BreezePDF simplifies the PDF merging process with its user-friendly interface and drag-and-drop functionality. Simply upload your PDF files, reorder them as needed, and click the merge button. The tool handles the rest, providing you with a single, merged PDF file in seconds. This eliminates the need for complex coding and ensures a seamless user experience, focusing on privacy by keeping all processing local to your browser.

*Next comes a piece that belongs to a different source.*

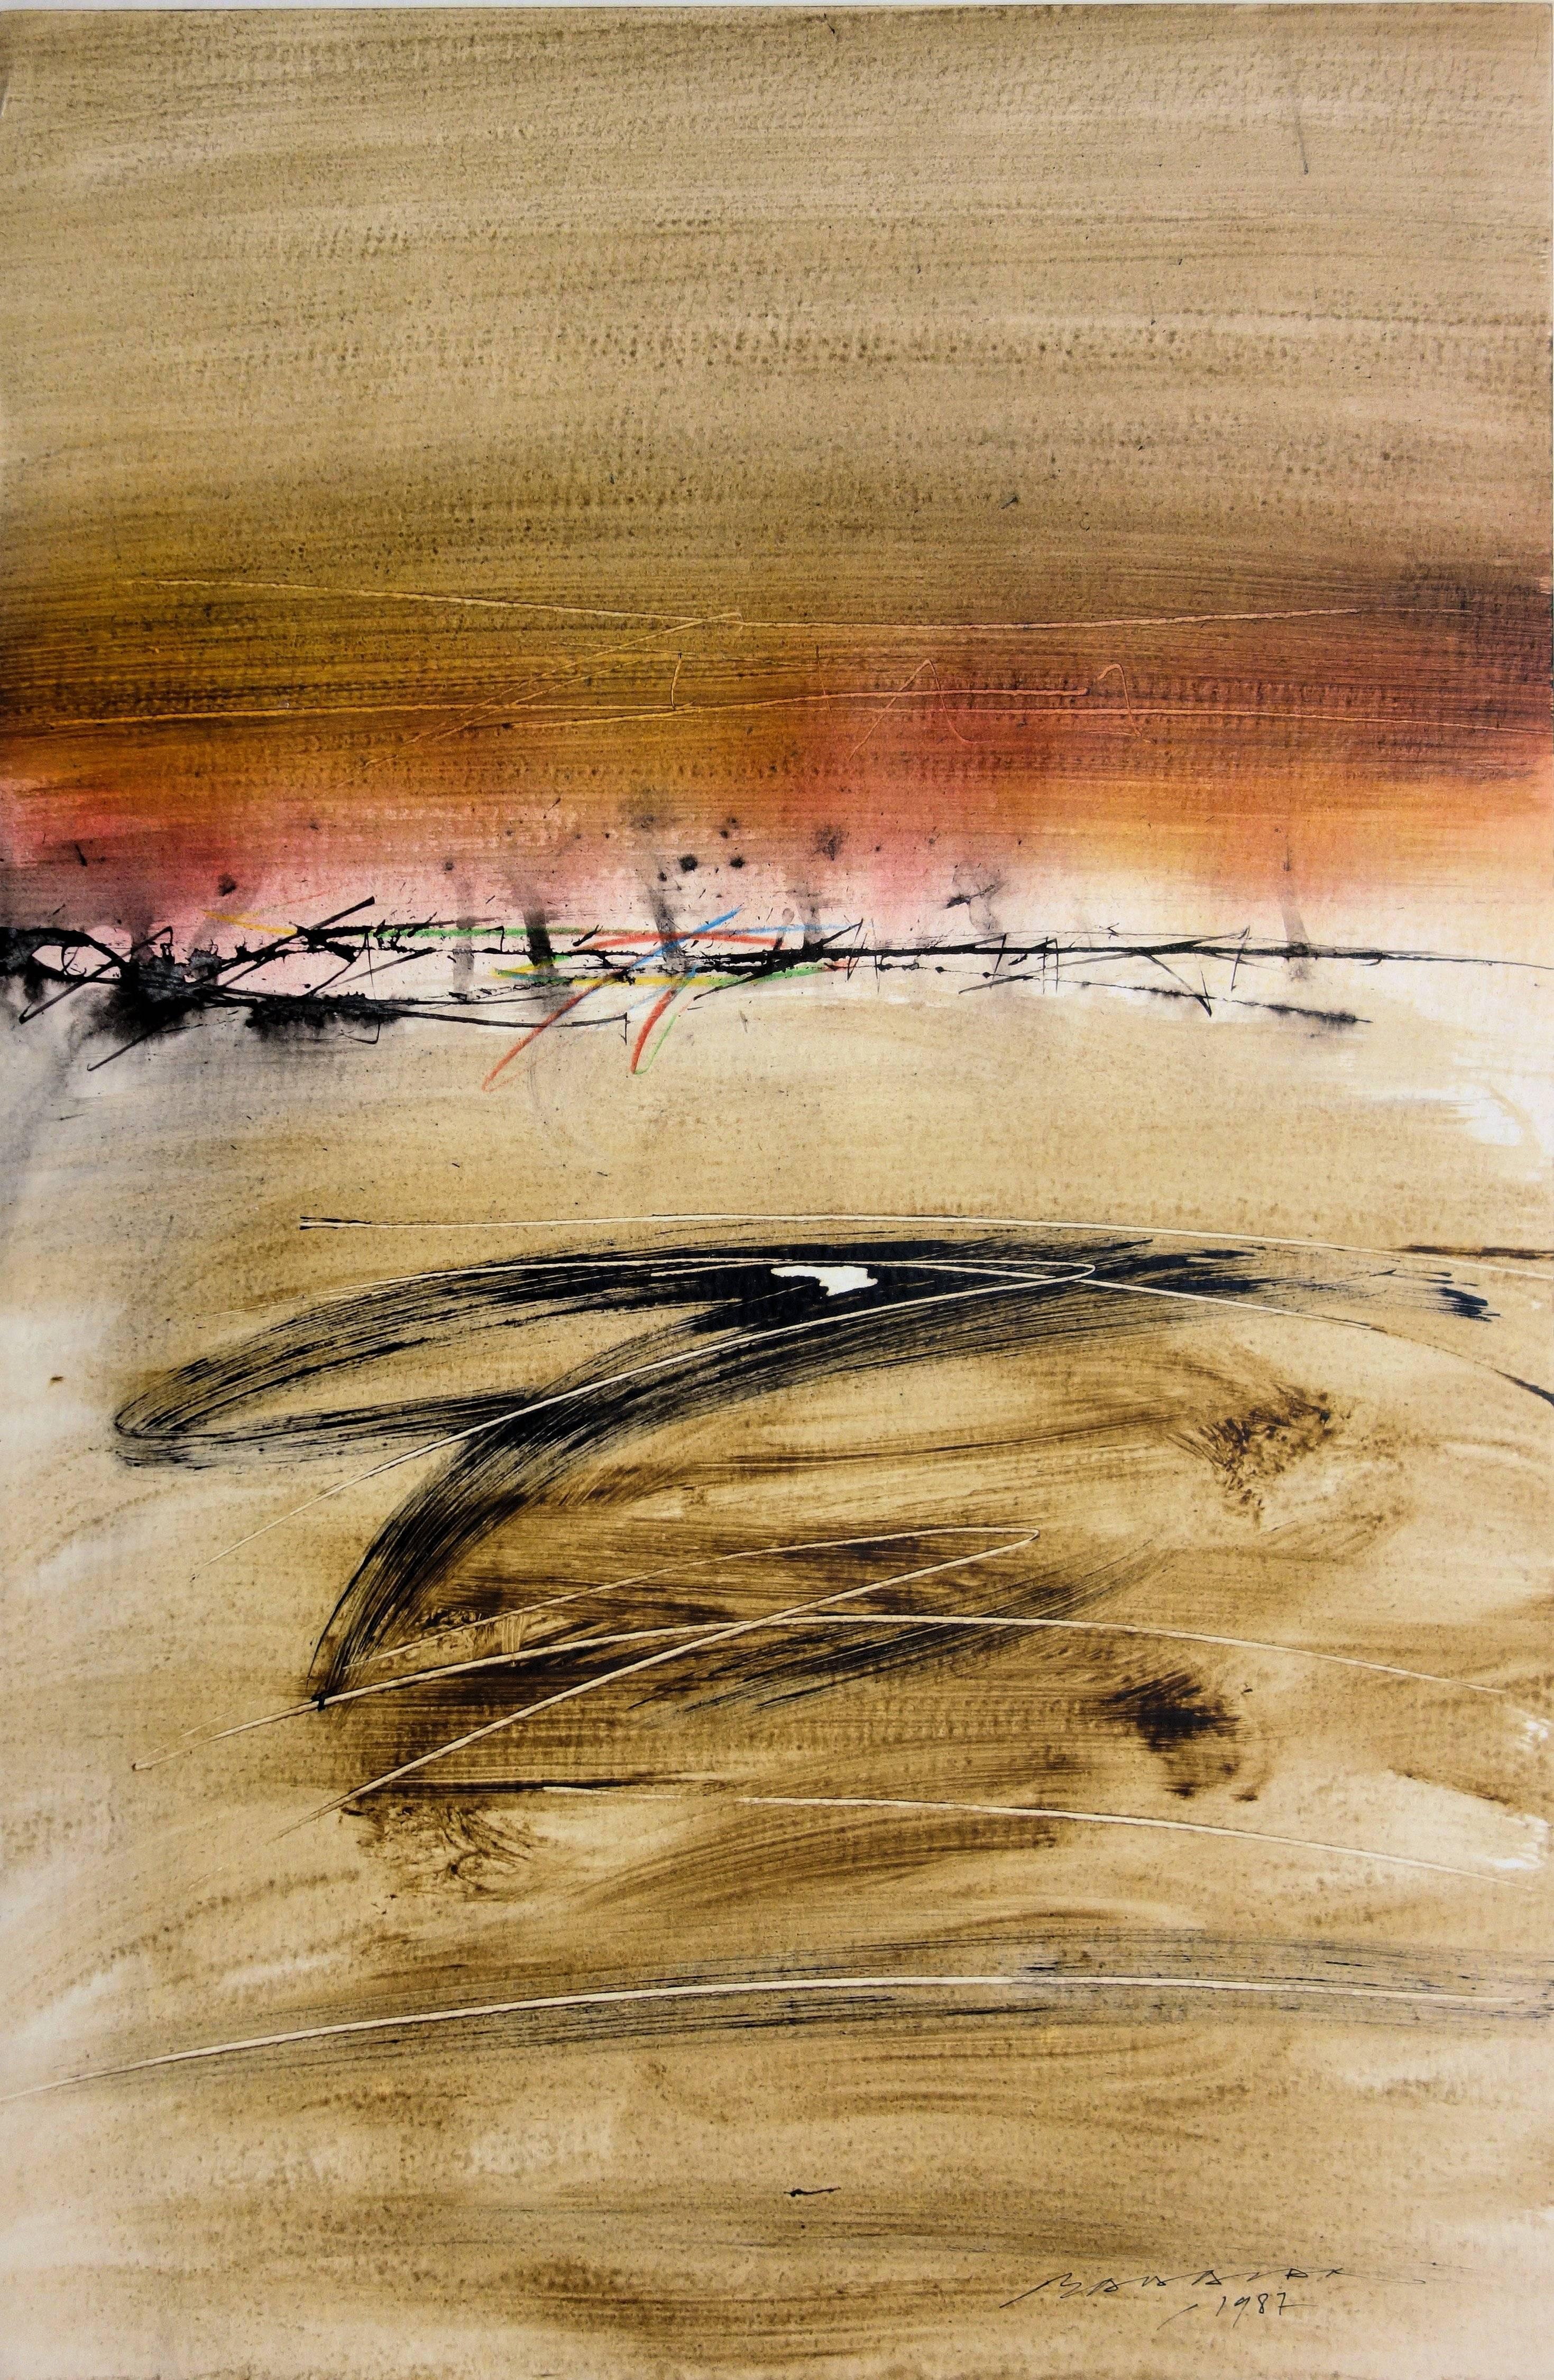 Desert - Original painting on paper - Handsigned

Moreover, BreezePDF offers additional features such as reordering pages and deleting unwanted pages before merging, giving you even greater control over the final document. This makes it a versatile tool for various PDF merging tasks, whether you're combining reports, assembling documents, or creating a single PDF from multiple sources. Why not try it out?

Conclusion

In conclusion, merging PDFs with Python offers a flexible and powerful solution for those comfortable with coding. Libraries like pypdf and PyMuPDF provide extensive features for concatenating, manipulating, and customizing PDF files. However, for users seeking a simpler, more user-friendly approach, BreezePDF offers a convenient alternative. Why not give creating a fillable PDF for free on Breeze PDF a try?

Whether you choose to merge PDFs with Python or use BreezePDF, the ability to combine multiple documents into a single file streamlines document management and enhances productivity. Evaluate your needs, technical skills, and privacy considerations to determine the best approach for your specific use case. Both methods provide valuable tools for managing and manipulating PDF files effectively.